## BRIEF
Write out the data exactly as given, dropping every picture.

## AVAILABLE DATA
________________________

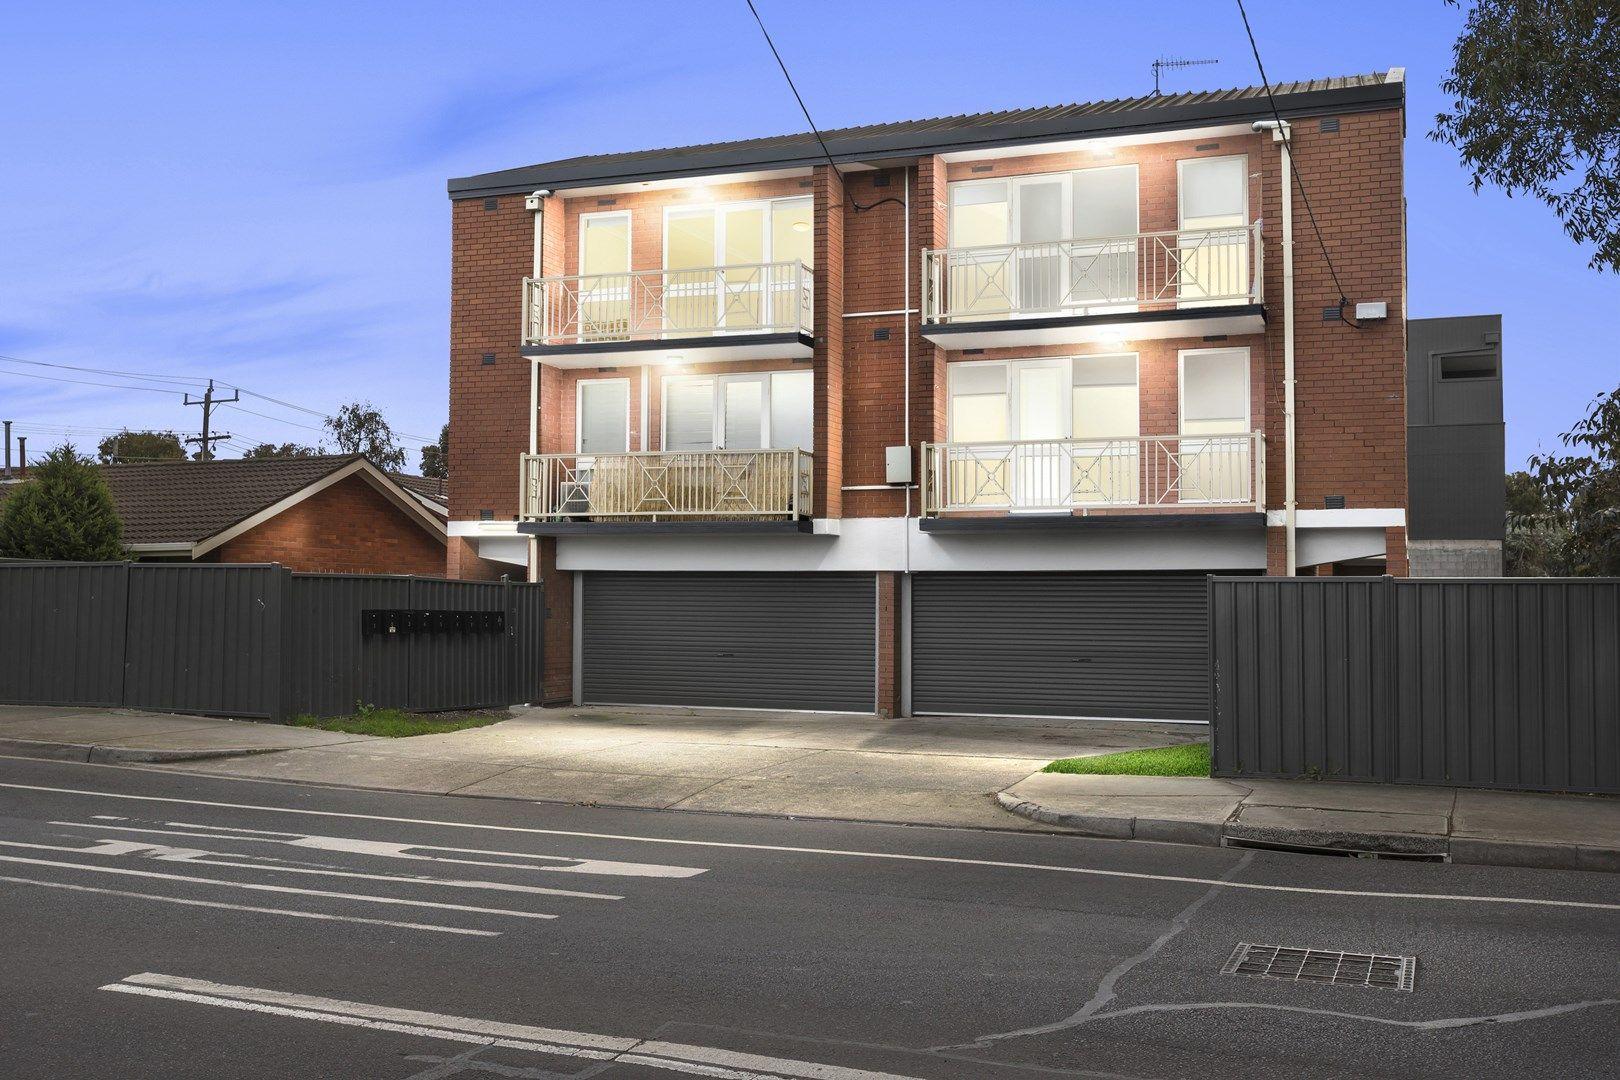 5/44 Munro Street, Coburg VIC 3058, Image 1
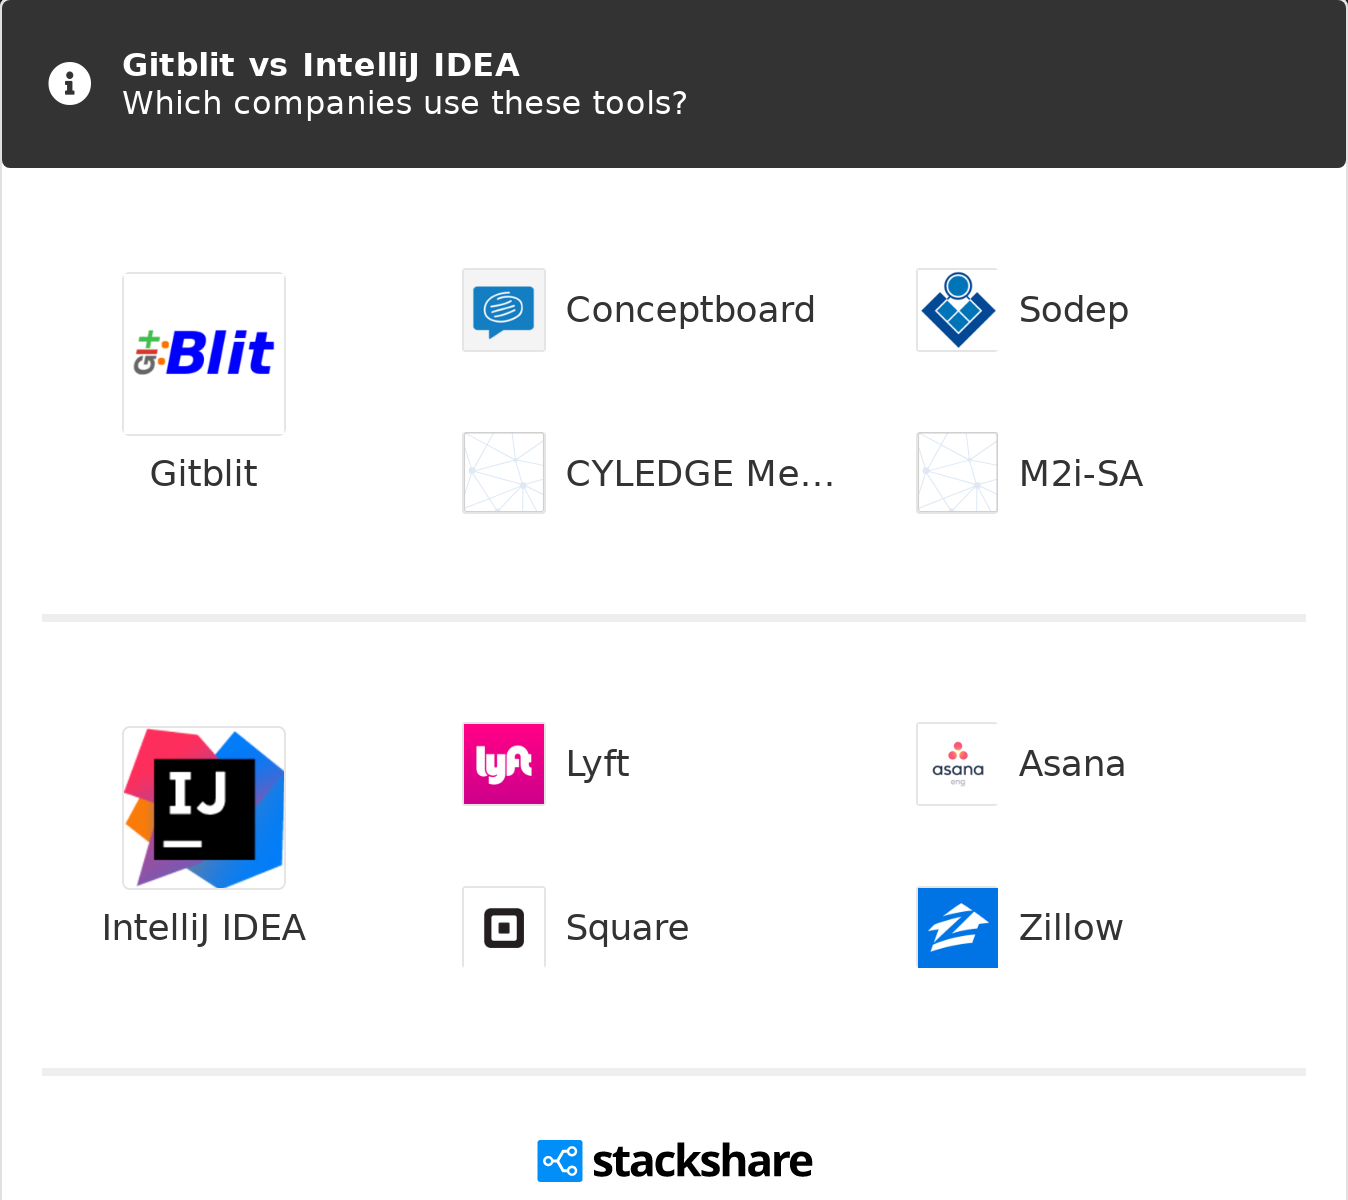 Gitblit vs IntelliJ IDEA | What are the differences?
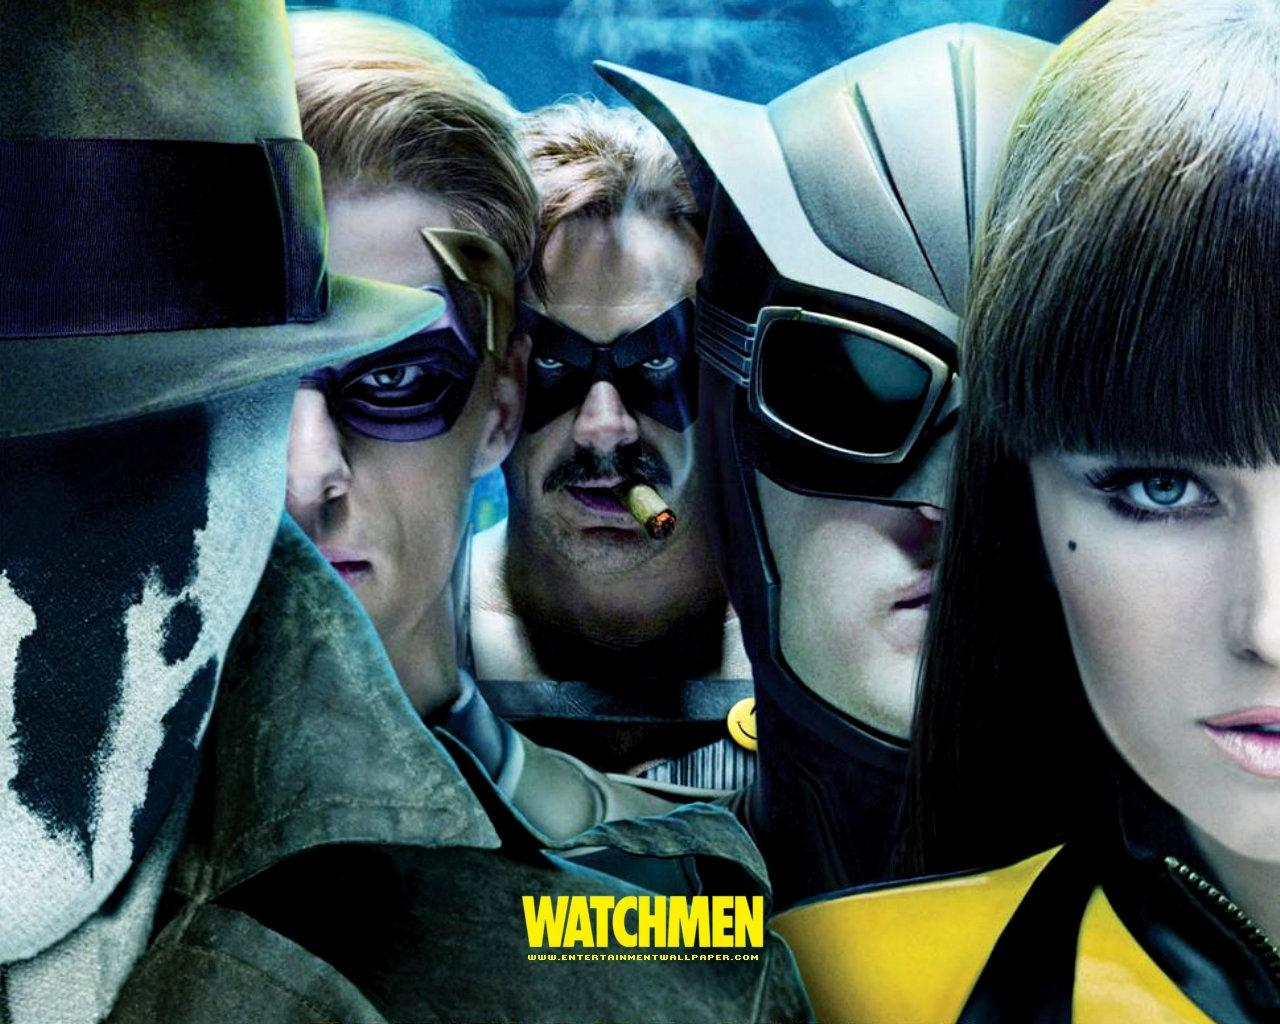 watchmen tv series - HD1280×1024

________________________

## RESPONSE BELOW
 5/44 Munro Street, Coburg VIC 3058, Image 1
 Gitblit vs IntelliJ IDEA | What are the differences?
 watchmen tv series - HD1280×1024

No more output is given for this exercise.